Table 3. Representation tools for the different ISO 10746 viewpoints [9].
Figure 2. Model and framework for representing multi-domain, knowledge-based, ontology-based, policy-driven ecosystems [1].
The mapping between elements from different domains or different viewpoints can only be performed at the horizontal level, i.e., at the same level of granularity. To get there, components must be specialized or generalized, respectively.
For designing, developing, and implementing P5 medicine ecosystems, we must generically model the system architecture and the unified process around it. Thereafter, we have to formally represent the domains involved in the use case of the business system considered. Then, we have to represent the different views in the contexts and from the perspectives of the domain experts participating in the business use case. A domain controlling the business system behavior and therefore being relevant across all specific use cases is, e.g., the policy domain, covering procedural, legal, administrative, security, privacy, and trustworthiness, as well as ethical aspects.
For managing organizations to meet their objectives, interests, and needs, strategic, operational, and tactical aspects must be considered. In that context, related standards and procedures have to be established alongside policies to create a strong governance structure. Security and privacy policies address operational needs [16].
Consequently, we need architecture standards, knowledge representation, and management standards, including ontology standards and terminology standards, for all domains involved in the ecosystem. Furthermore, policy standards, business process modeling standards, information standards, and data standards to model and implement the 5P medicine ecosystem in a compliant and conformant way are necessary. In that context, we cannot ignore quality criteria standards to enable quality assessment (self-assessment and/or assessment by certified assessors) of pHealth digital tools such as IEC 82304-2:2021 Health Software-Part 2: Health and wellness apps-Quality and reliability [17]. Each standard family will be discussed and exemplified in some detail in the next sections.
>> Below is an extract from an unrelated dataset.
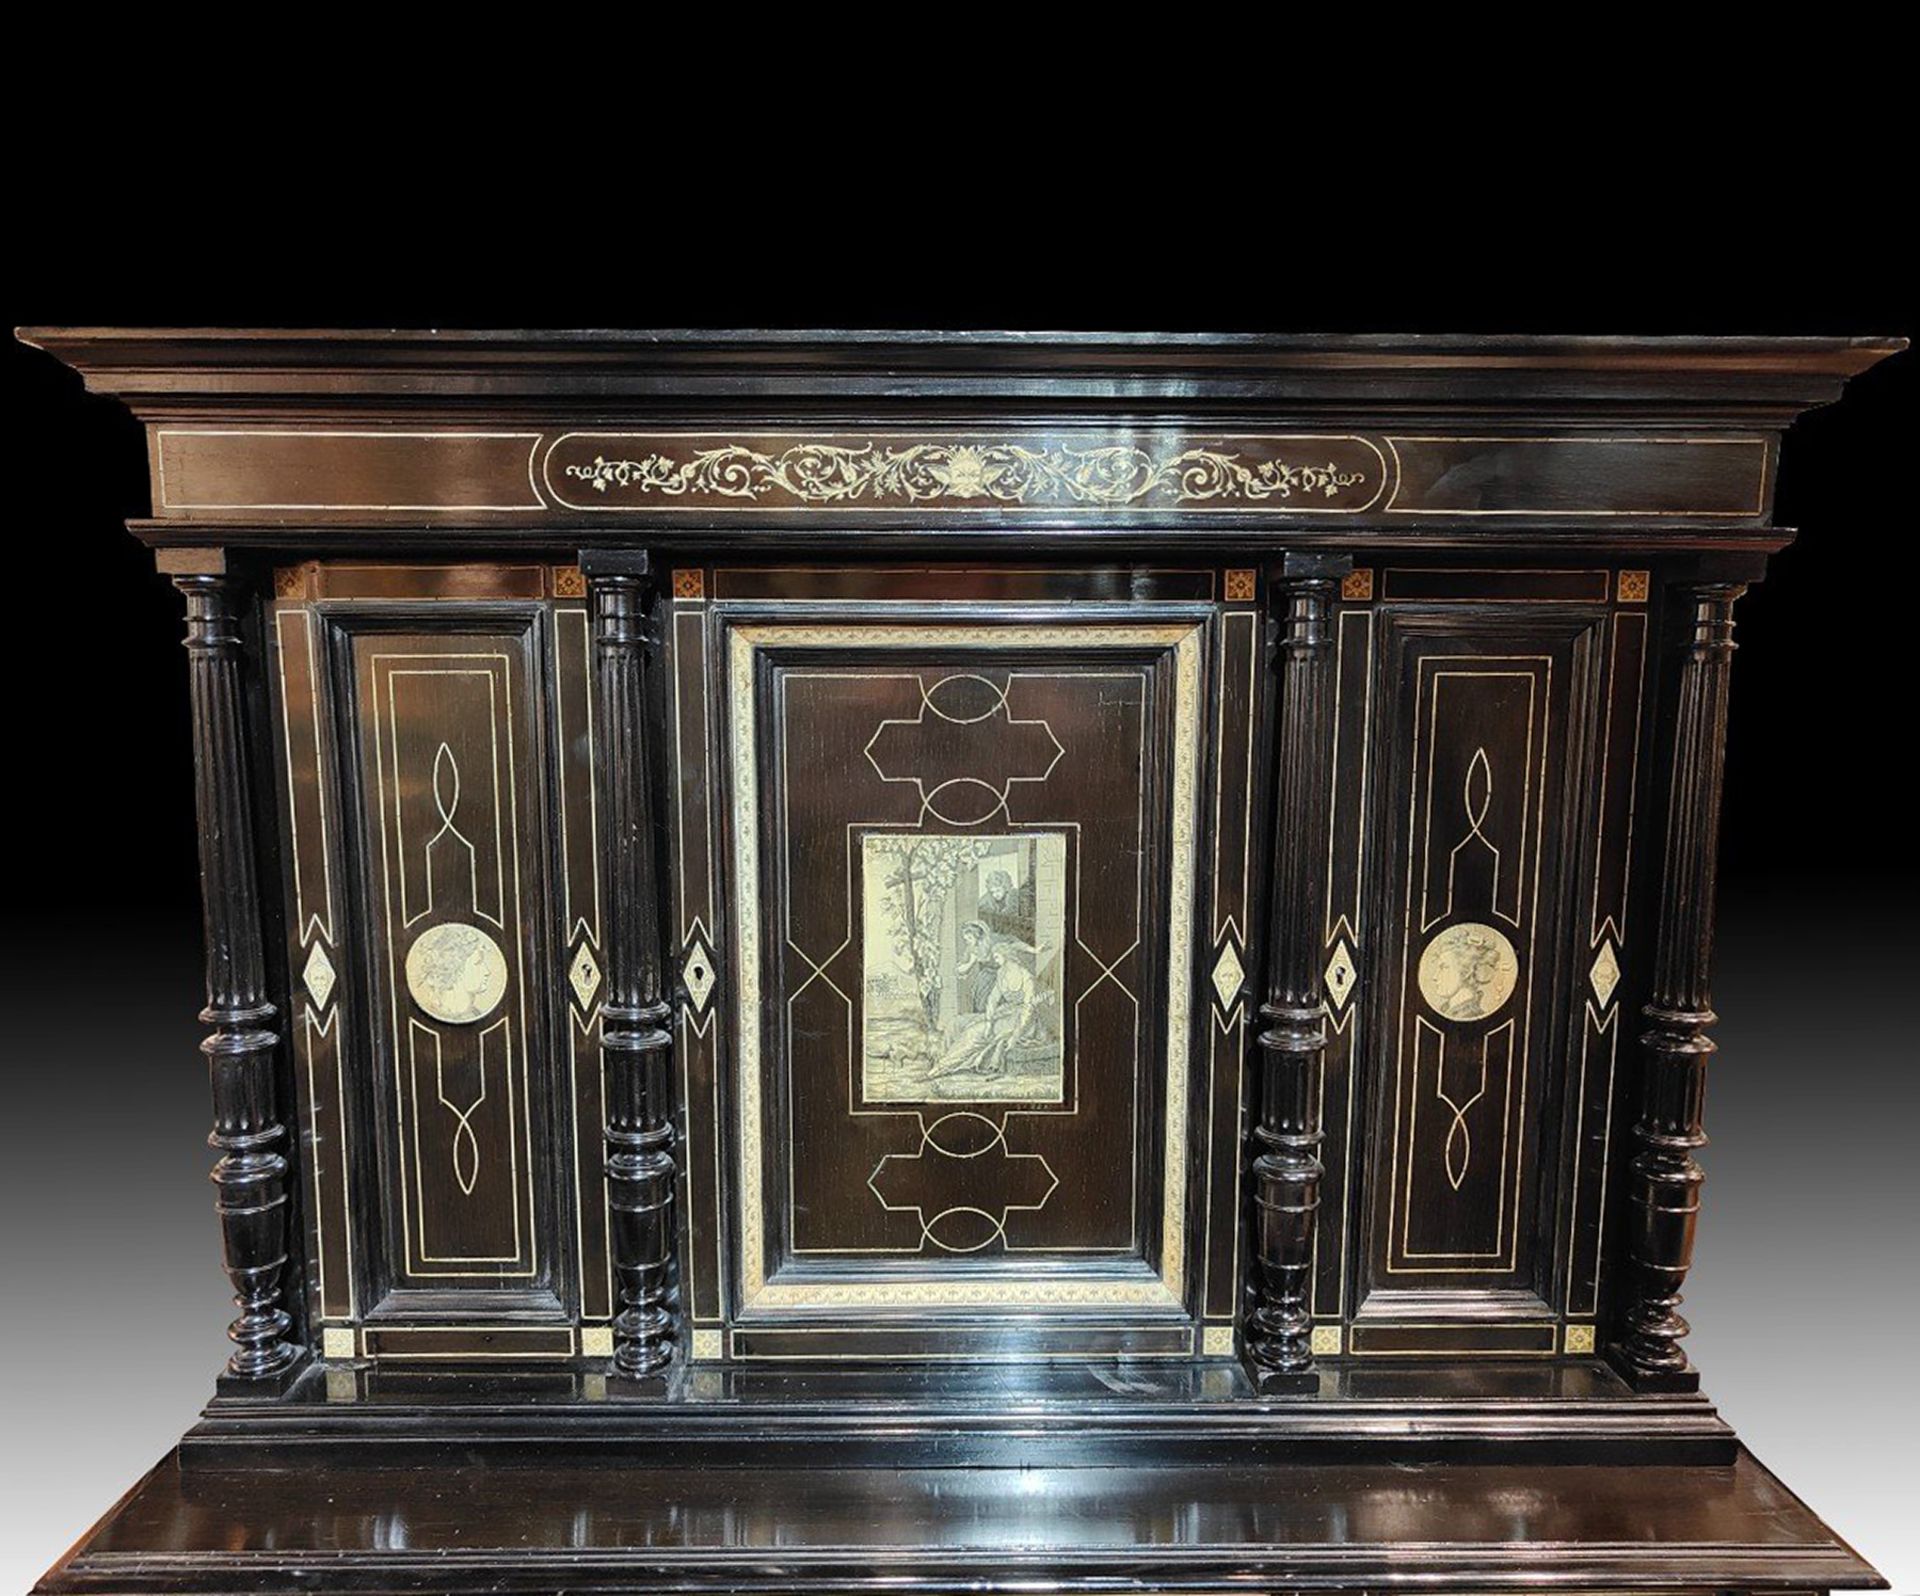 Important 19th century Florentine cabinet with bone marquetry, work from Northern Italy, Milan or Fl - Image 4 of 10

3. Standards for Modeling 5P Medicine Ecosystems

The solution for designing, managing, and implementing the intended ecosystem is a system-theoretical white box, architecture-centric, ontology-based, and policy-controlled approach, meanwhile standardized as ISO 23903 Interoperability and Integration Reference Architecture–Model and Framework and re-used by many international Standards Developing Organizations (SDOs) such as ISO, CEN, IEC, IEEE, OMG, and HL7. Besides the definition of the modeling and system development process, ISO 23903 also covers challenges such as domain-specific knowledge representation and management at the epistemological level, as well as its harmonization. In that context, it supports not only the ontology development and harmonization but also the implementation of good modeling best practices. ISO 23903 enables integration of and interoperability between any systems and their components, any domains and their actors, any specifications or products, and any IT-specific view of ISO/IEC 10764. Without following the ISO 23903 model and framework, the integration of and interoperability between specifications and standards are usually not feasible.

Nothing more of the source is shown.